The winner of the cup would normally gain entry into the 2026–27 UEFA Europa League; however, on 28 February 2022, Russian football clubs were suspended from FIFA & UEFA international competitions until further notice due to the Russian invasion of Ukraine.

==Representation of clubs by league==
- Russian Premier League (1): 16 clubs
- Russian First League (2): 18 clubs
- Division A of Russian Second League (3): 16 clubs (without 2 farm teams)
- Division B of Russian Second League (4): 39 clubs (without 17 farm teams and 2 Crimean teams)
- Amateur leagues:
  - Third division (5): 12 clubs
  - Fourth division (regional leagues) (6): 0 clubs
  - Media amateur clubs (7): 3 clubs
- Total: 104 clubs.

==Distribution==
The teams of Premier League and the other teams will qualify to knockout phase in two different paths.

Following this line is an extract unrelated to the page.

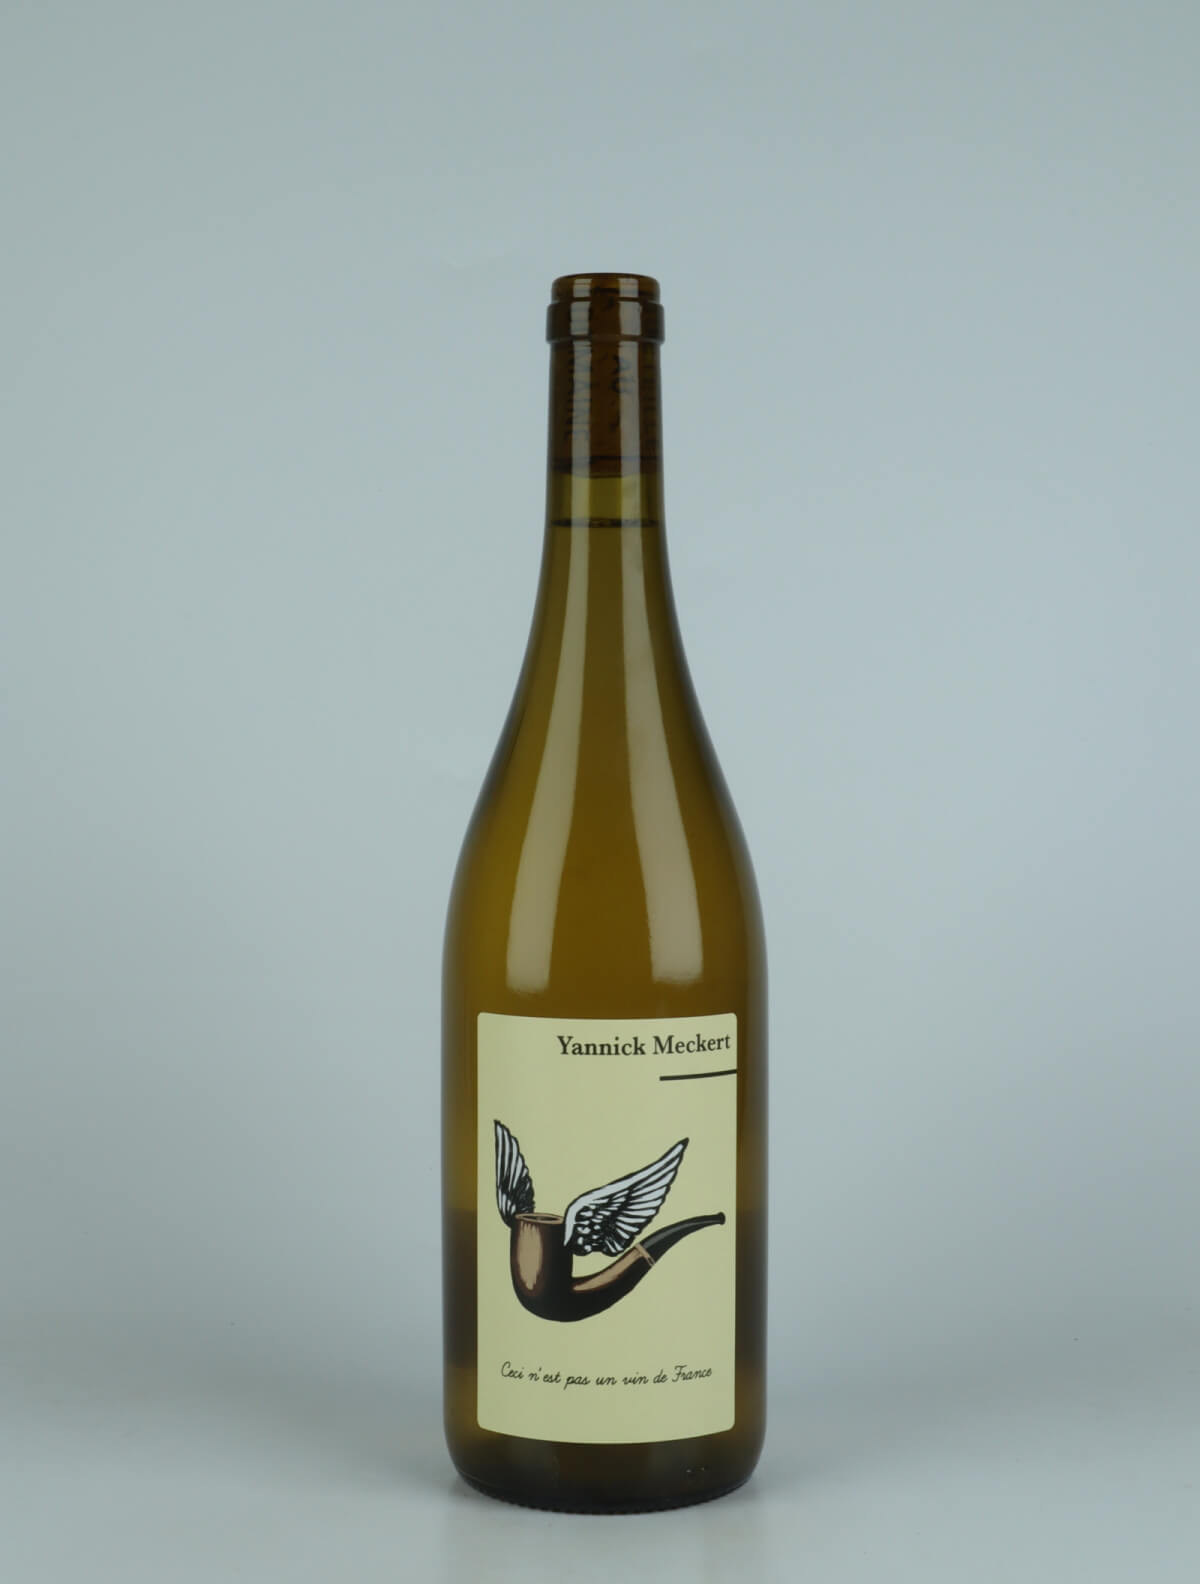 A bottle 2022 Ceci N'est Pas un Vin de France White wine from Yannick Meckert, Alsace in France

Premier league teams will play in the RPL path group stage with a double round-robin tournament, divided into 4 groups with 4 teams in each group, while the other teams will play in the regions path qualification, starting with 1/256 round until 1/8 round with 1 match in each stage.

==Schedule==
The schedule of the competition is as follows:

| Phase | Round |  |  | Match date |
| Qualifying rounds (regions path) | Round 1 |  |  | 5–7 August 2025 |
| Round 2 |  |  | 19–21 August 2025 |
| Round 3 |  |  | 9–11 September 2025 |
| Round 4 |  |  | 23–25 September 2025 |
| Round 5 |  |  | 14–16 October 2025 |
| Round 6 |  |  | 28–30 October 2025 |
| Group stage (RPL path) | Matchday 1 |  |  | 29–31 July 2025 |
| Matchday 2 |  |  | 12–14 August 2025 |
| Matchday 3 |  |  | 26–28 August 2025 |
| Matchday 4 |  |  | 16–18 September 2025 |
| Matchday 5 |  |  | 30 September – 2 October 2025 |
| Matchday 6 |  |  | 21–23 October 2025 |
| Knockout stage | Quarter-finals | RPL path | Match 1 | 4–6 November 2025 |
| Match 2 | 25–27 November 2025 |
| Regions path | Stage 1 | 25–27 November 2025 |
| Stage 2 | 3–5 March 2026 |
| Semi-finals | RPL path | Match 1 | 3–5 March 2026 |
| Match 2 | 17–19 March 2026 |
| Regions path | Stage 1 | 17–19 March 2026 |
| Stage 2 | 7–9 April 2026 |
| Path finals | RPL path | Match 1 | 8 April 2026 |
| Match 2 | 7 May 2026 |
| Regions path |  | 6 May 2026 |
| Final |  |  | 24 May 2026 |

==Qualifying round (regions path)==
The draw for all rounds in regions path was held on 29 June 2025.

===Round 1===

Entered clubs:
- 15 clubs from Amateur leagues
- 13 lowest clubs from Russian Second League Division B
Date of matches was determined on 5–7 August 2025.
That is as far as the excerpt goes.